December 20, 2010
Here we are again to talk a bit about our monthly work at the Northern Jaguar Reserve.
Throughout 2010, we have placed and reviewed many new camera traps on the reserve – thanks to the support we’ve received from donors and institutions committed to the conservation of the jaguar. As we gain more and more cameras to monitor new sites, we increase the chances of photographing more individual jaguars on the reserve and neighboring ranches.
We are very excited because even though the year is not yet over, we have already broken our own annual record of both feline and jaguar pictures. During the October-November period, there were more than 130 photos of the four cat species – of which 13 were from jaguars. This is the largest number of jaguar photographs that has been obtained over the 10 years of monitoring at the reserve.
As you might imagine: “Mayo” is the main protagonist in these latest photos. There are 12 pictures of this male jaguar, some in places within Los Pavos and Dubaral where we haven’t seen him previously. We hope to have pictures of Mayo at Babisal and La Ventana soon, or are these ranches the territory of another male that we have not yet identified?
It appears that the new dominant female of the reserve is “Corazón,” who was photographed again in October at Los Pavos along the stream Las Tinajitas. In this same location just a few days later, we had a photo of Mayo. Just as in 2009, when we imagined “Cholla” and “Perrito” together, we can now picture Mayo and Corazón together, as a couple, and we hope to soon obtain pictures of their jaguar cubs. This would be great news for 2011, would it not?
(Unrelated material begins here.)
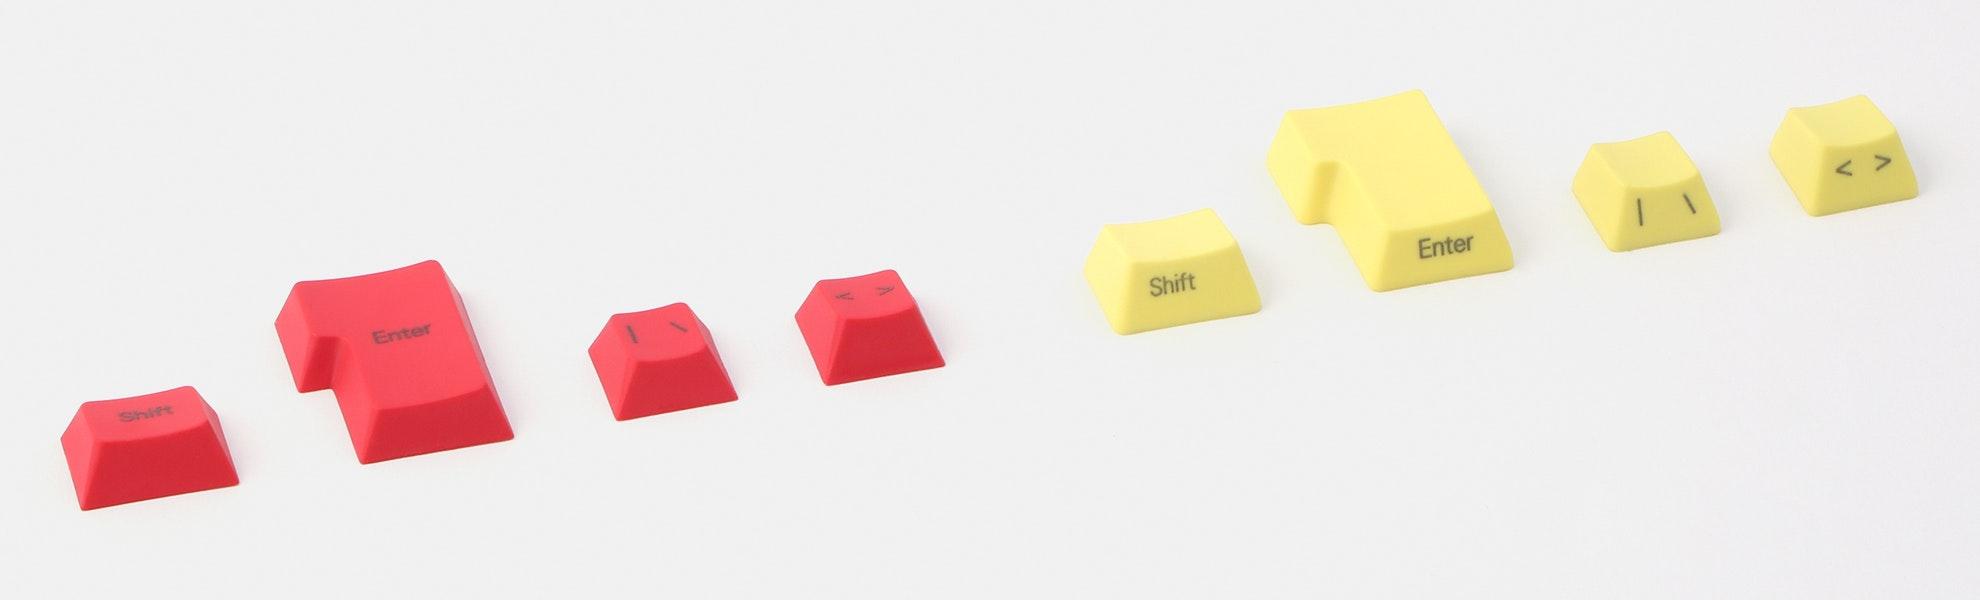 PBT ISO Keycaps Pack (4pcs)

As a result of having so many photos of jaguars taken during the year, we now know more about the habits of this species, where individuals move, what time they usually spend active, and if they interact between sexes. Every month, we know a little more about the ecology of northern jaguars and even other species that are also distributed in the area.
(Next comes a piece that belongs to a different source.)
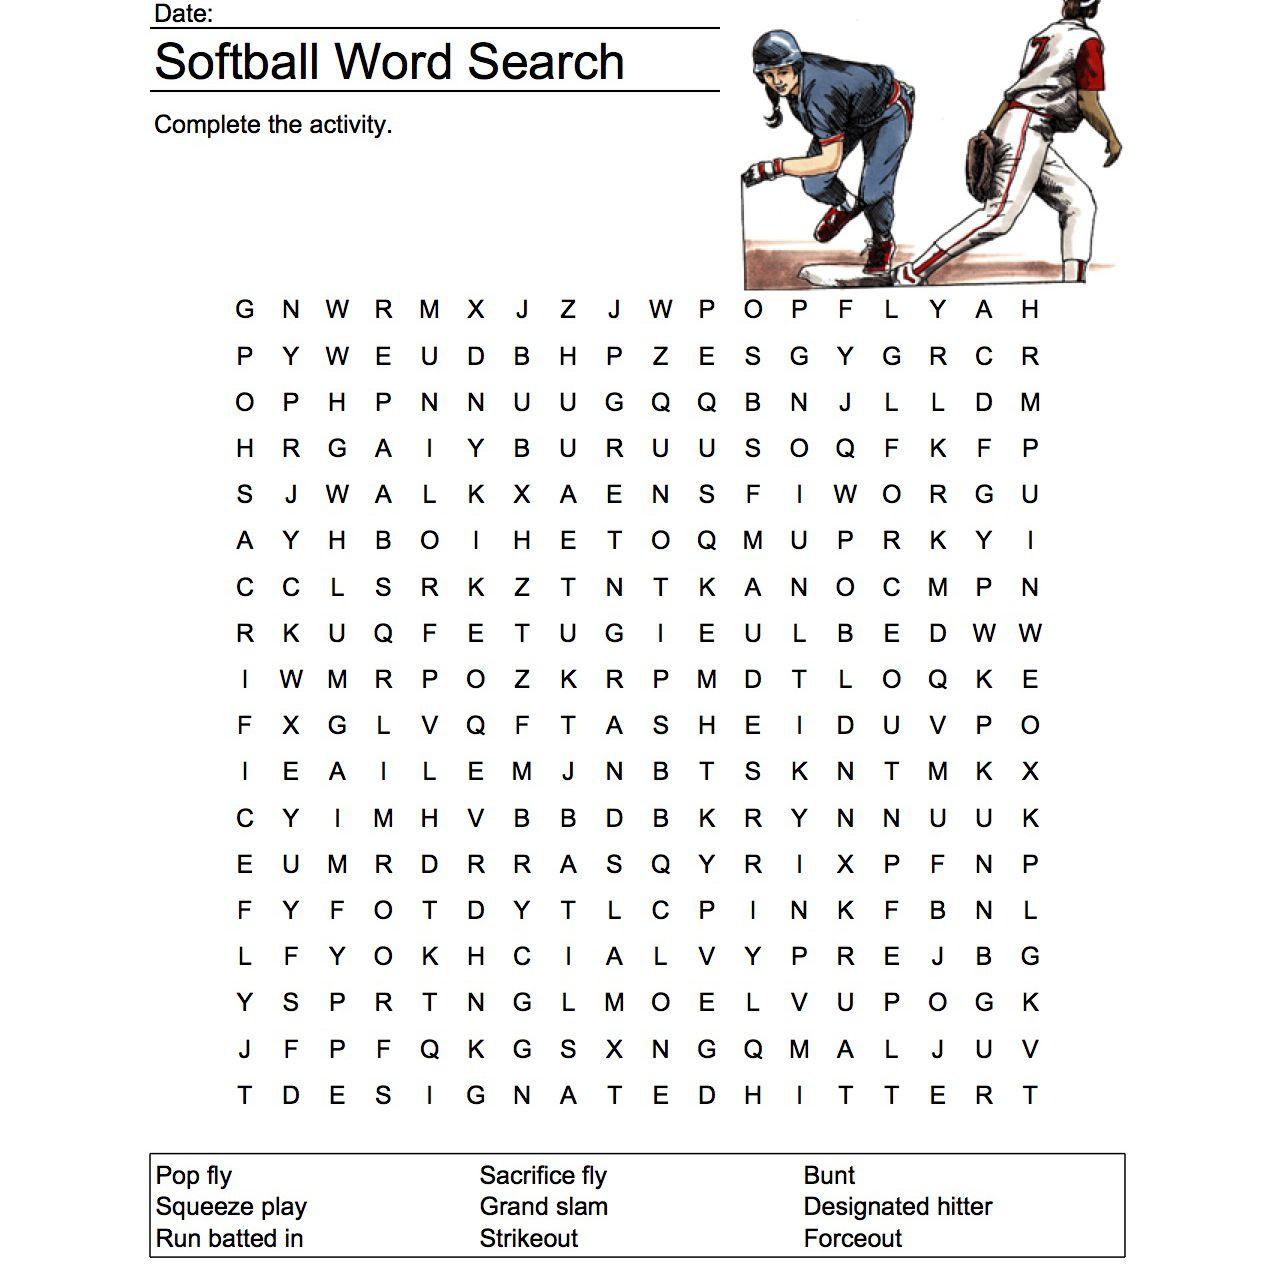 Softball Word Search

This month, we not only reviewed the cameras that we have in the field; we helped Rick Williams, Laco, and Laqui Duarte in the early stages of construction for the next outhouse at the reserve (this time at Babisal). This is great news because we are now implementing strategies on the reserve that will minimize human impacts, especially in areas of greater diversity such as Babisal.
Our activities this month also included the final quarterly sampling of water quality at the reserve and surrounding areas. We are pleased to share with you that the water is of very good quality. The Los Pavos well had higher concentrations of the minerals we sampled than the other ranches, yet these levels are not enough to affect the wildlife that feed here. Future testing will be done once or twice a year to assure that water quality remains stable or even better than in previous years.
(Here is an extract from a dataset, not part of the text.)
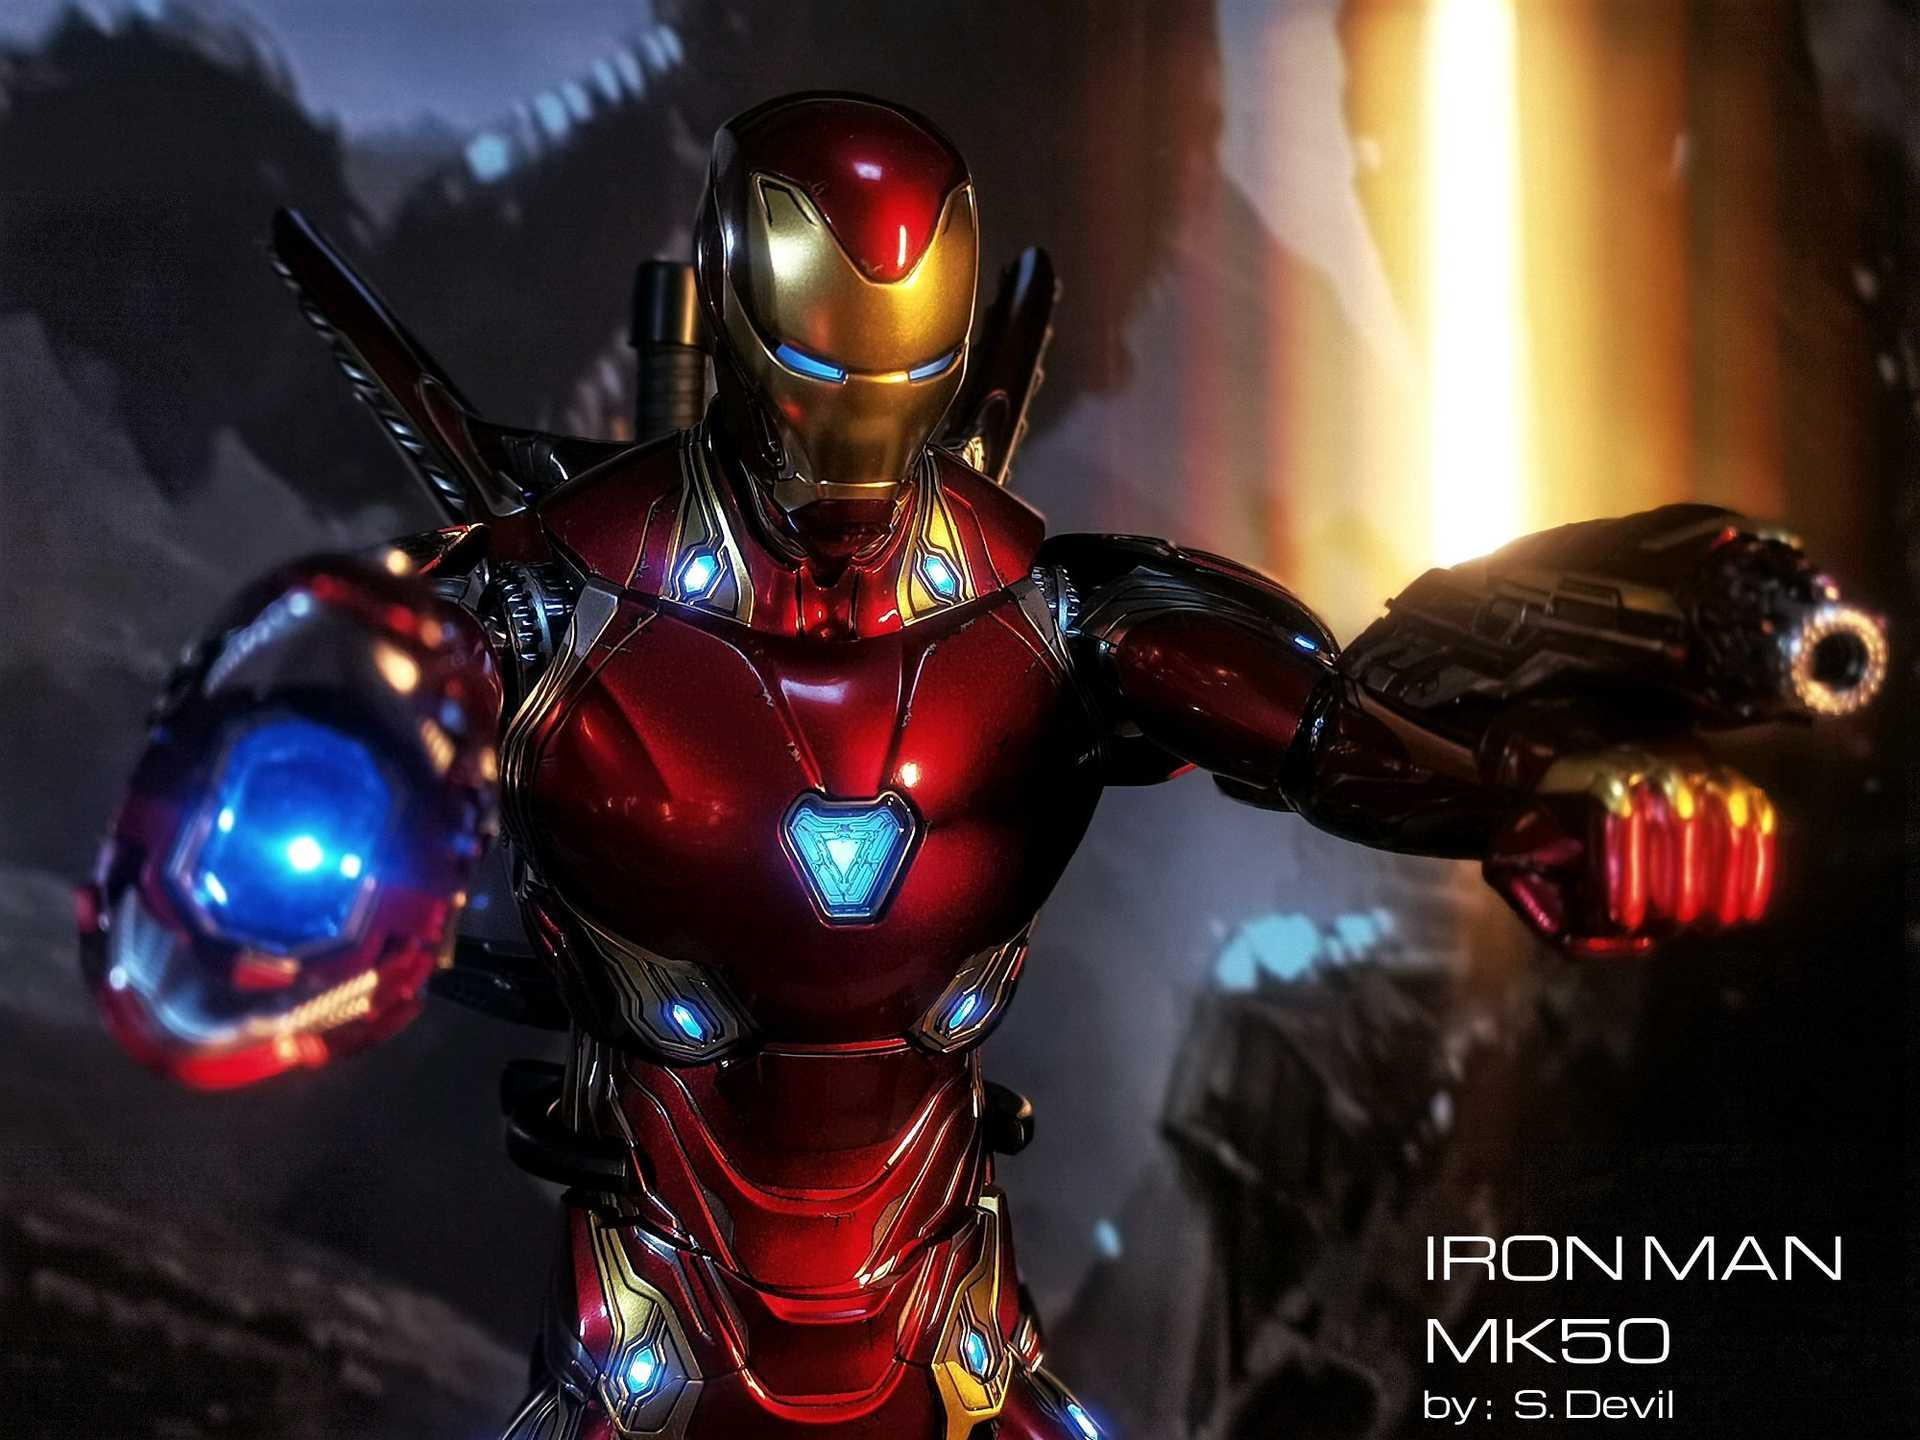 Hot Toys Iron Man Mark 50 Gallery Figround

That is all for this time, but we won’t end without first wishing you the best for next year. We look forward to continue sharing with you a bit about our adventures and experiences in the amazing area of the Northern Jaguar Reserve in the year ahead.
– Carmina & Miguel
Our jaguar guardians, Carmina Gutiérrez and Miguel Gómez Ramírez, have worked at the Northern Jaguar Reserve since October 2008. As the reserve’s resident biologists, Carmina and Miguel patrol lands to keep out poachers, sustain ongoing management of the reserve, maintain a network of motion-triggered cameras, and inventory the ecological health of reserve lands and waters.